When Colfax was the ‘Saratoga of the West’

Tourists flocked to its mineral springs to improve their health

 

By Arvid Huisman

 

Long before interstate highways crossed the Hawkeye State, even long before federal and state highways were numbered, some rural Iowa communities were known far beyond the Mississippi and Missouri rivers.

 

As motorists zip across Iowa on Interstate 80 today, few are aware of the significant history of a small Jasper County community located on I-80 less than a half hour east of Des Moines.

 

This is the story of Colfax — at one time equated with the famous Saratoga Springs health resort in New York. More than a century ago, thousands of Americans and Europeans flocked to Colfax each year to improve their health and ease their aches and pains.

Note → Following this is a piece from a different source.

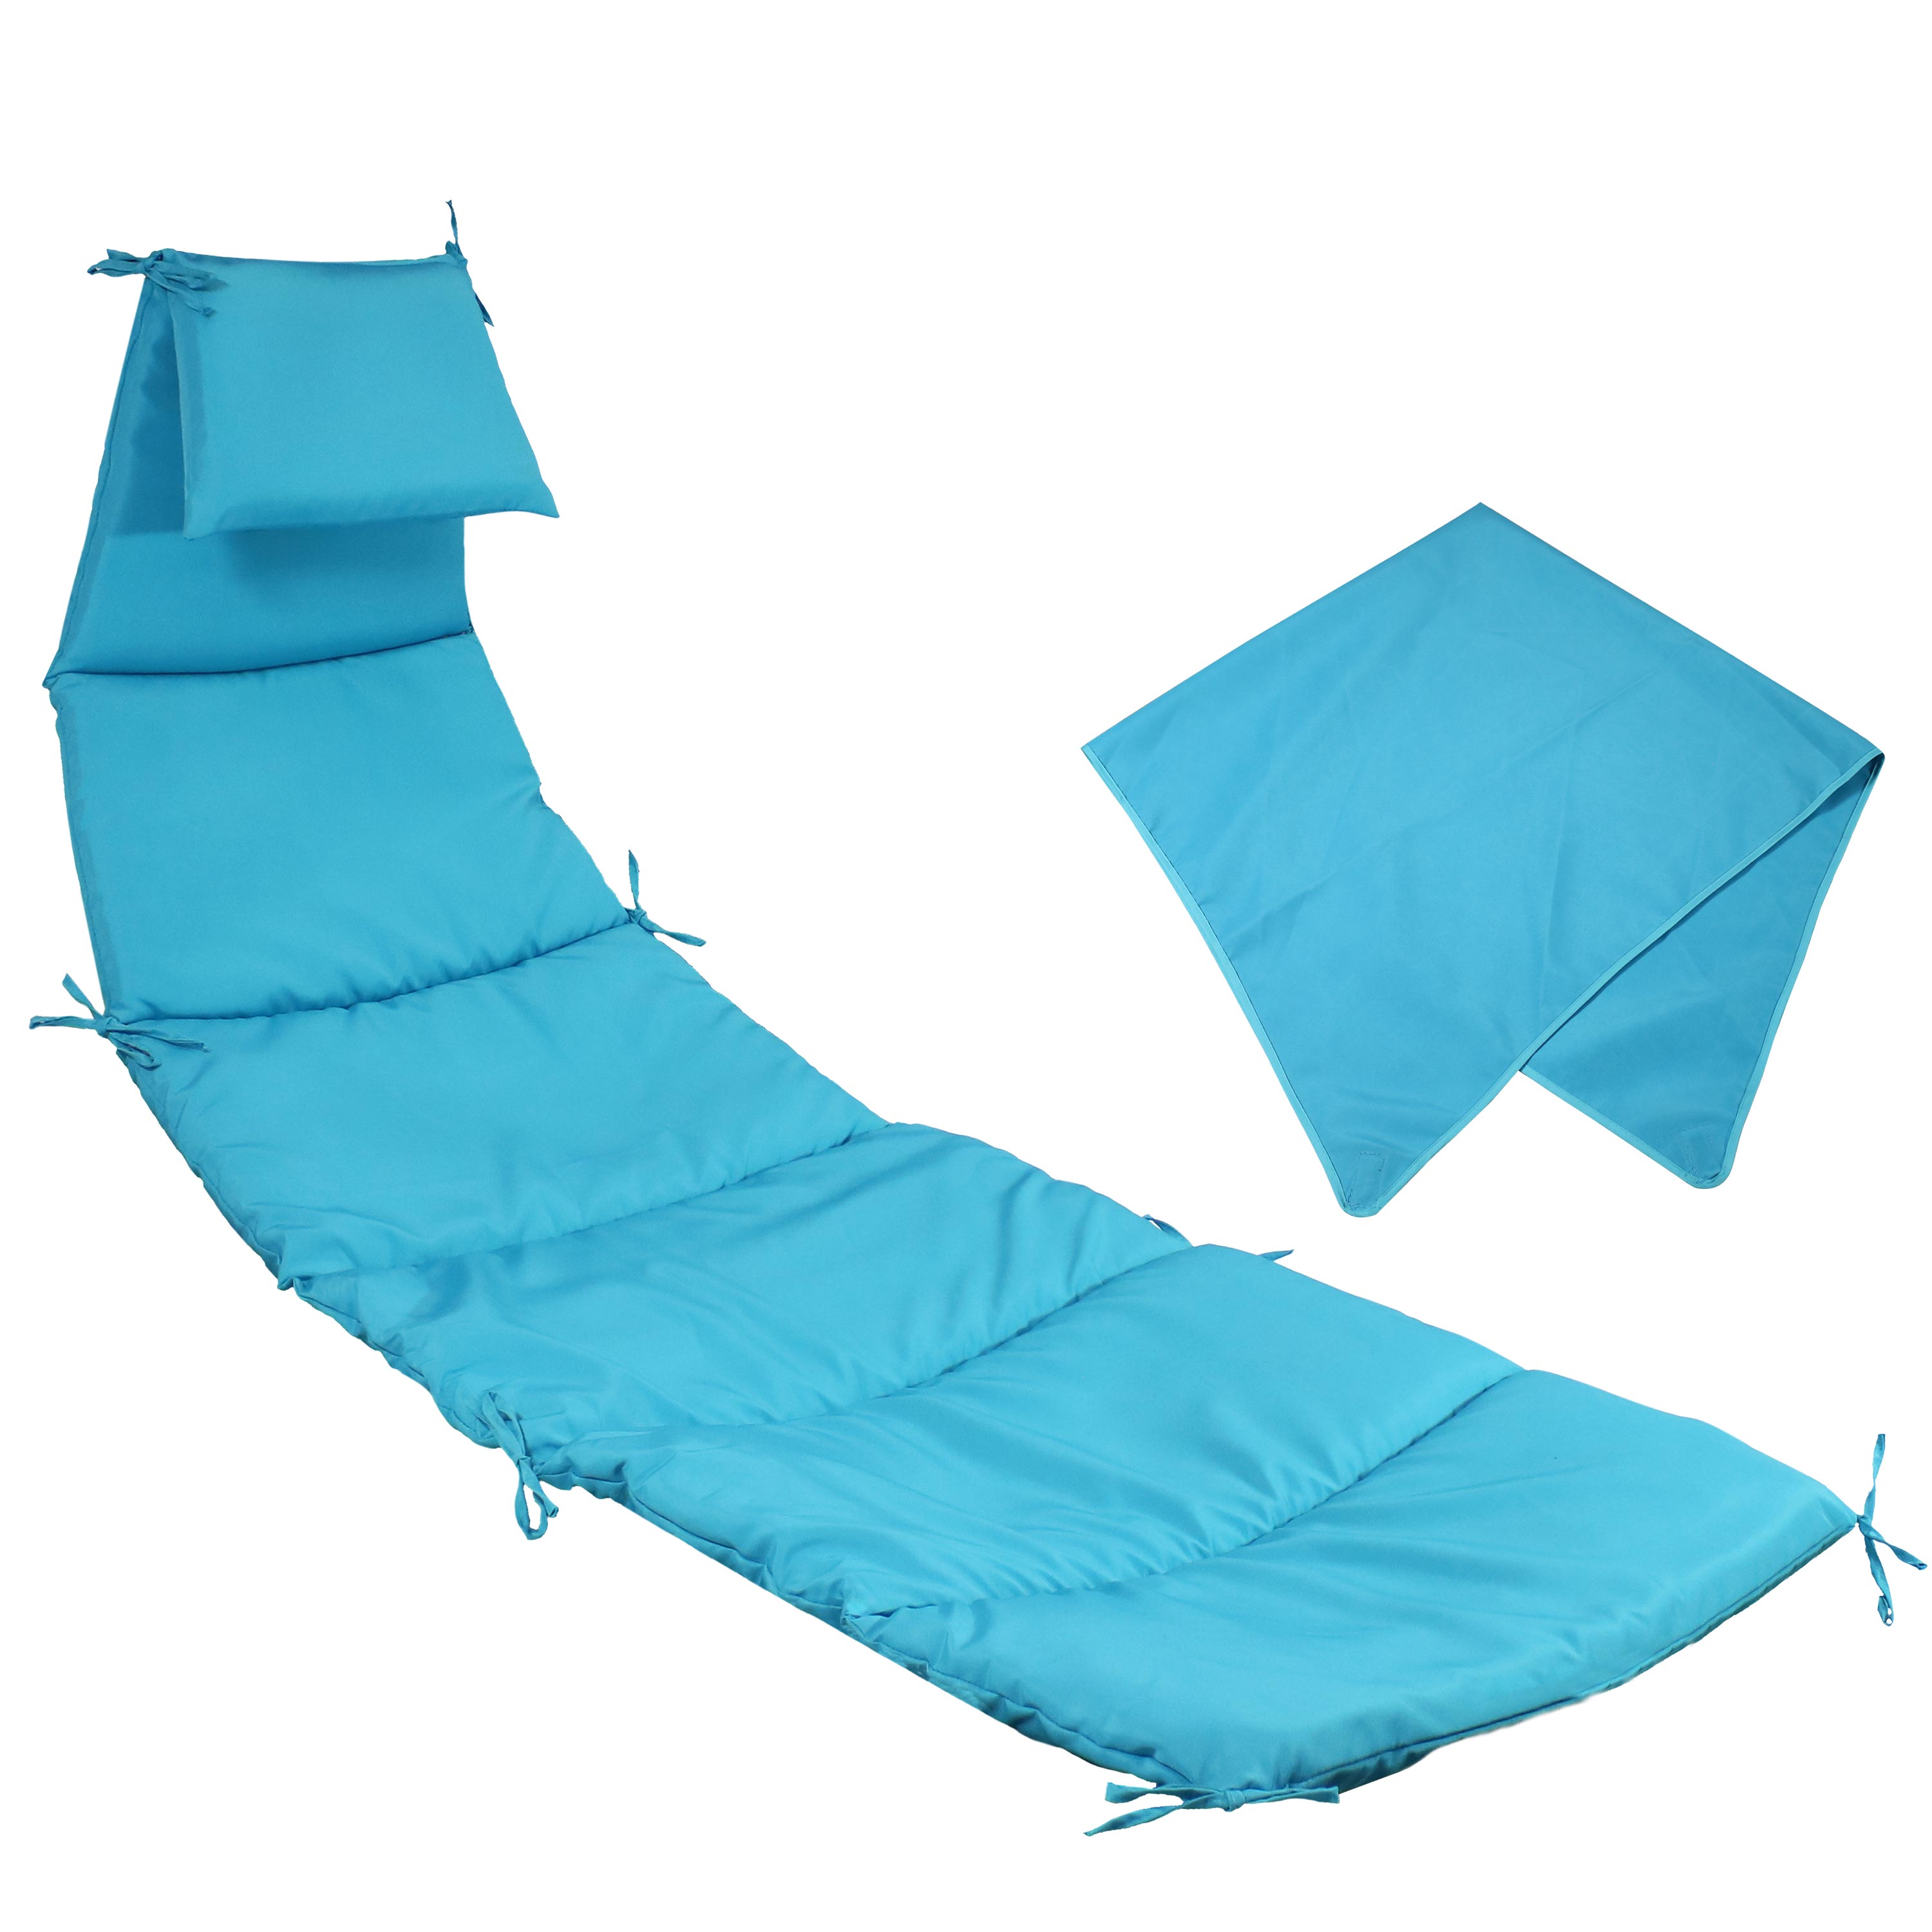 Sunnydaze Hanging Lounge Chair Replacement Cushion and Umbrella, Teal

An advertisement for the Colfax Hotel during its heyday.

 

 

 

 

 

 

 

 

 

 

 

 

 

 

 

 

 

 

 

 

 

 

 

 

 

 

It started with coal and water

 

A stagecoach station had been located 10 miles west of Newton and Robert N. Stewart of Grinnell applied for a post office at the location in late 1864. The post office opened on Jan. 18, 1865. Colfax was founded the following year and named for Schuyler Colfax, vice-president under President Ulysses S. Grant.

 

Like many new towns in Iowa 150 years ago, the location quickly attracted residents and businesses. In 1867, Dr. J.R. Ryan, a physician, opened the first drug store and then a hotel. The railroad reached Colfax the same year.

 

About three years earlier, two young men discovered coal on a ridge above the Skunk River east of Colfax. Upon the railroad’s arrival, the demand for coal increased and additional coal supplies were discovered in the vicinity of Colfax. Coal mining became an important industry in the Colfax community.

 

Colfax was nearly 10 years old in the fall of 1875 when several local men were boring for a coal mine east of town. In the process a flow of water bubbled up from the ground.

 

Upon tasting the water they detected an unusual quality about it and decided to have the water analyzed. The analysis was conducted by James R. Blaney, a Chicago chemist, who detected a high mineral content and declared it to have medicinal value.

 

During the 19th and early 20th centuries, mineral waters were commonly employed to enhance general health and to treat chronic illnesses. “Taking the waters” involved drinking or bathing in the mineral water.

 

Word of the discovery of mineral water springs in Colfax spread quickly and soon the bottling of mineral water became an important business in Colfax along with the coal industry.